## Task prompt
Exactly as written, set down every entry once more.

## Dataset records

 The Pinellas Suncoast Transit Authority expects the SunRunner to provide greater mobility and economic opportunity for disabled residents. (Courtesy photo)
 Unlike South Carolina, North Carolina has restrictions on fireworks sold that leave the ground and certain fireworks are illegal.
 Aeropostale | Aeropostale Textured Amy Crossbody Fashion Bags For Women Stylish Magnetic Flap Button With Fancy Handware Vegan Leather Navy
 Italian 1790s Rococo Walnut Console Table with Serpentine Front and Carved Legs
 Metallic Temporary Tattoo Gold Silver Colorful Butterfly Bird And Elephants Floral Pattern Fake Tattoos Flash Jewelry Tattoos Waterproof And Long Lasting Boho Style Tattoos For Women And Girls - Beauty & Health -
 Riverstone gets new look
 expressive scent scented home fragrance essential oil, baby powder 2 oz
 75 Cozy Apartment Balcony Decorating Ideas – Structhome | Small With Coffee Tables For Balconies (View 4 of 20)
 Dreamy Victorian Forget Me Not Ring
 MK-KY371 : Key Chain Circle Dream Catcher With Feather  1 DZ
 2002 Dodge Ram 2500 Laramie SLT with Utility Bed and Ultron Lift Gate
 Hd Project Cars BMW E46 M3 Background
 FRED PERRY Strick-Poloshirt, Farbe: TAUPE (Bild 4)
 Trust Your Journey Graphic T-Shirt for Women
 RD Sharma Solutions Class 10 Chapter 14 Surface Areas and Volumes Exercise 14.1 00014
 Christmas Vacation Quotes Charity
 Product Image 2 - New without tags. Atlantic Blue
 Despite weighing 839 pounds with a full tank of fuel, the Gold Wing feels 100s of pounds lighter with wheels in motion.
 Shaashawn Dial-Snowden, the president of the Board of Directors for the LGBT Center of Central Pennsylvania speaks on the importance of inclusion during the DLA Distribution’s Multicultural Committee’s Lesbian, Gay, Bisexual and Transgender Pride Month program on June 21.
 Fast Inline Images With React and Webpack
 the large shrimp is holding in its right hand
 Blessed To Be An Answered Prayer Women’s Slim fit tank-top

## Result of the task
 The Pinellas Suncoast Transit Authority expects the SunRunner to provide greater mobility and economic opportunity for disabled residents. (Courtesy photo)
 Unlike South Carolina, North Carolina has restrictions on fireworks sold that leave the ground and certain fireworks are illegal.
 Aeropostale | Aeropostale Textured Amy Crossbody Fashion Bags For Women Stylish Magnetic Flap Button With Fancy Handware Vegan Leather Navy
 Italian 1790s Rococo Walnut Console Table with Serpentine Front and Carved Legs
 Metallic Temporary Tattoo Gold Silver Colorful Butterfly Bird And Elephants Floral Pattern Fake Tattoos Flash Jewelry Tattoos Waterproof And Long Lasting Boho Style Tattoos For Women And Girls - Beauty & Health -
 Riverstone gets new look
 expressive scent scented home fragrance essential oil, baby powder 2 oz
 75 Cozy Apartment Balcony Decorating Ideas – Structhome | Small With Coffee Tables For Balconies (View 4 of 20)
 Dreamy Victorian Forget Me Not Ring
 MK-KY371 : Key Chain Circle Dream Catcher With Feather  1 DZ
 2002 Dodge Ram 2500 Laramie SLT with Utility Bed and Ultron Lift Gate
 Hd Project Cars BMW E46 M3 Background
 FRED PERRY Strick-Poloshirt, Farbe: TAUPE (Bild 4)
 Trust Your Journey Graphic T-Shirt for Women
 RD Sharma Solutions Class 10 Chapter 14 Surface Areas and Volumes Exercise 14.1 00014
 Christmas Vacation Quotes Charity
 Product Image 2 - New without tags. Atlantic Blue
 Despite weighing 839 pounds with a full tank of fuel, the Gold Wing feels 100s of pounds lighter with wheels in motion.
 Shaashawn Dial-Snowden, the president of the Board of Directors for the LGBT Center of Central Pennsylvania speaks on the importance of inclusion during the DLA Distribution’s Multicultural Committee’s Lesbian, Gay, Bisexual and Transgender Pride Month program on June 21.
 Fast Inline Images With React and Webpack
 the large shrimp is holding in its right hand
 Blessed To Be An Answered Prayer Women’s Slim fit tank-top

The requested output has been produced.